The Court of International Trade on May 8 remanded the Commerce Department's treatment of antidumping duty respondent Assan Aluminyum's raw material costs and its hedging practices due to the agency's failure to address the issues during the AD investigation on aluminum foil from Turkey. Judge Stephen Vaden said Commerce failed to address one of Assan's arguments regarding its raw material costs administratively. He also said the agency's post hoc rationalizations regarding the company's hedging revenues don't square with its treatment of the revenues during the investigation. The judge sustained Commerce's treatment of both Assan's late fees as part of a duty drawback adjustment and of management fees paid by Assan's affiliated U.S. reseller. The court also granted Commerce's voluntary remand request regarding the denominator of the duty drawback adjustment.
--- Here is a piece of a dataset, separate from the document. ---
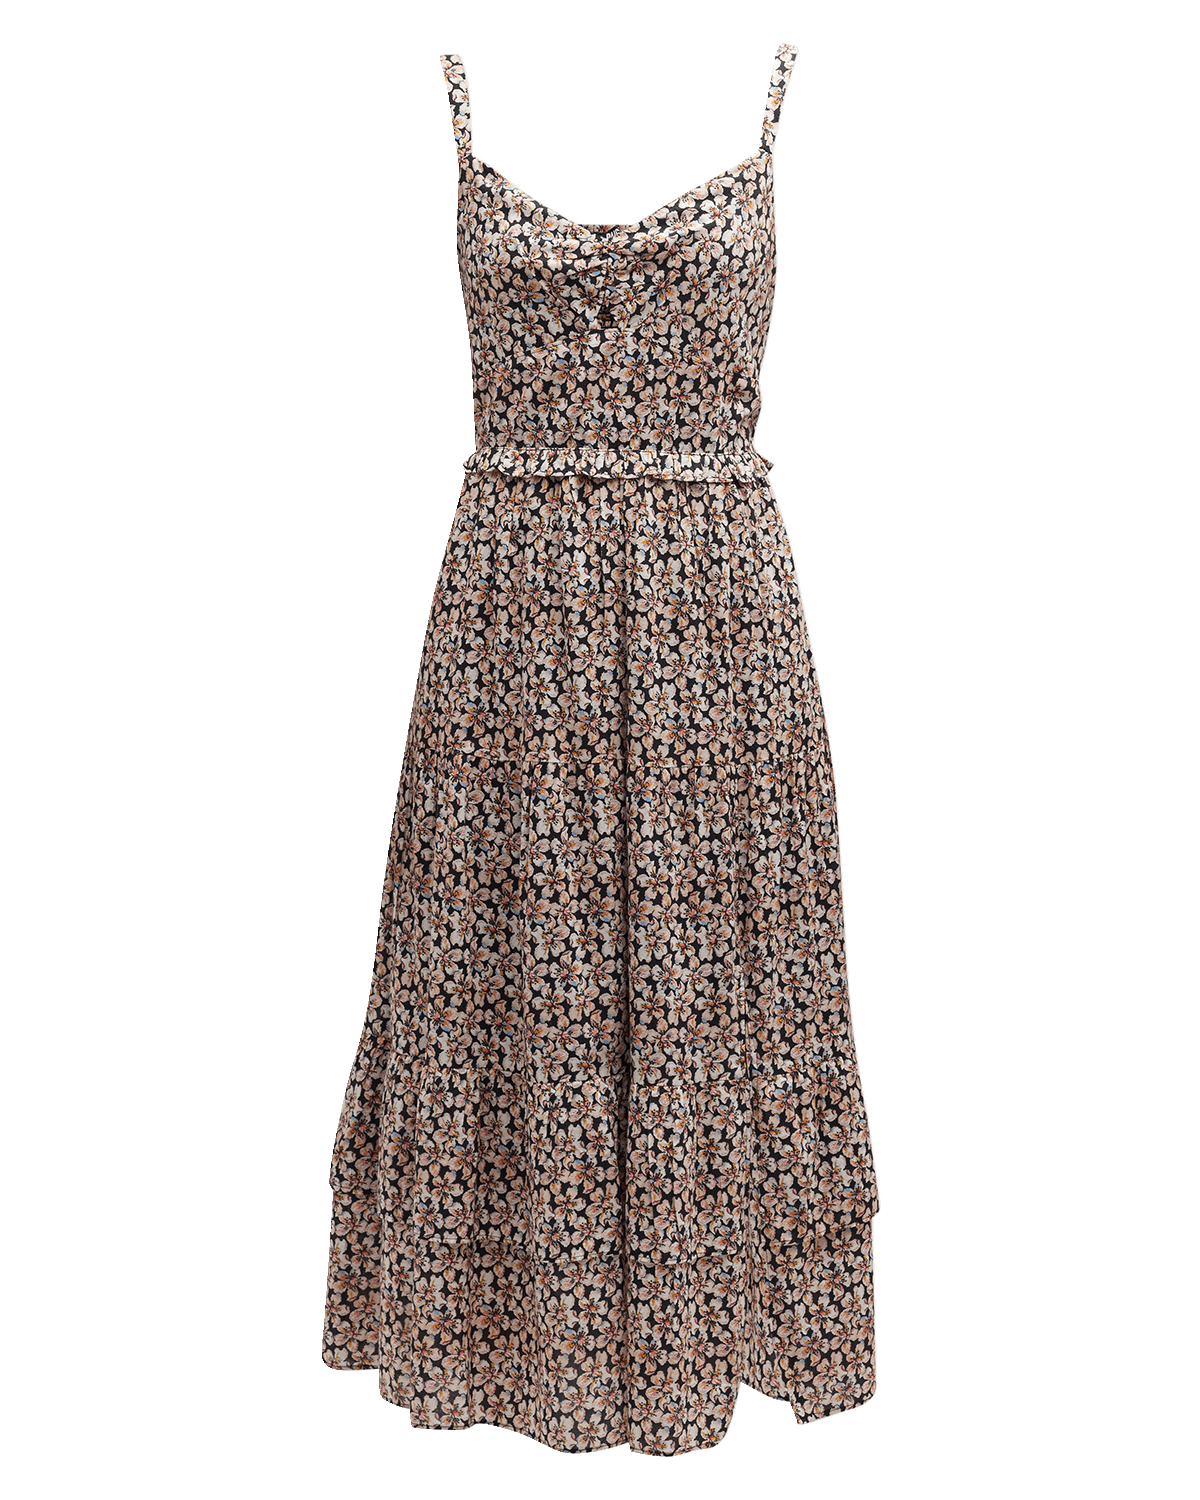 Nanette Lepore Center Stage Sleeveless Shift Dress | Neiman Marcus

The Court of International Trade on May 2 again remanded the Commerce Department's finding that the South Korean government's full allocation of emissions permits under the Emissions Trading System of Korea was a de jure specific subsidy. Judge Mark Barnett said the agency illicitly considered factors used as part of a de facto specificity analysis to assess the program, noting that those factors can't be used to find if the program is specific as a matter of law. However, the judge sustained Commerce's findings that the full allotment amounted to a financial contribution to respondent Hyundai Steel Co. and that the company benefited from the allotment.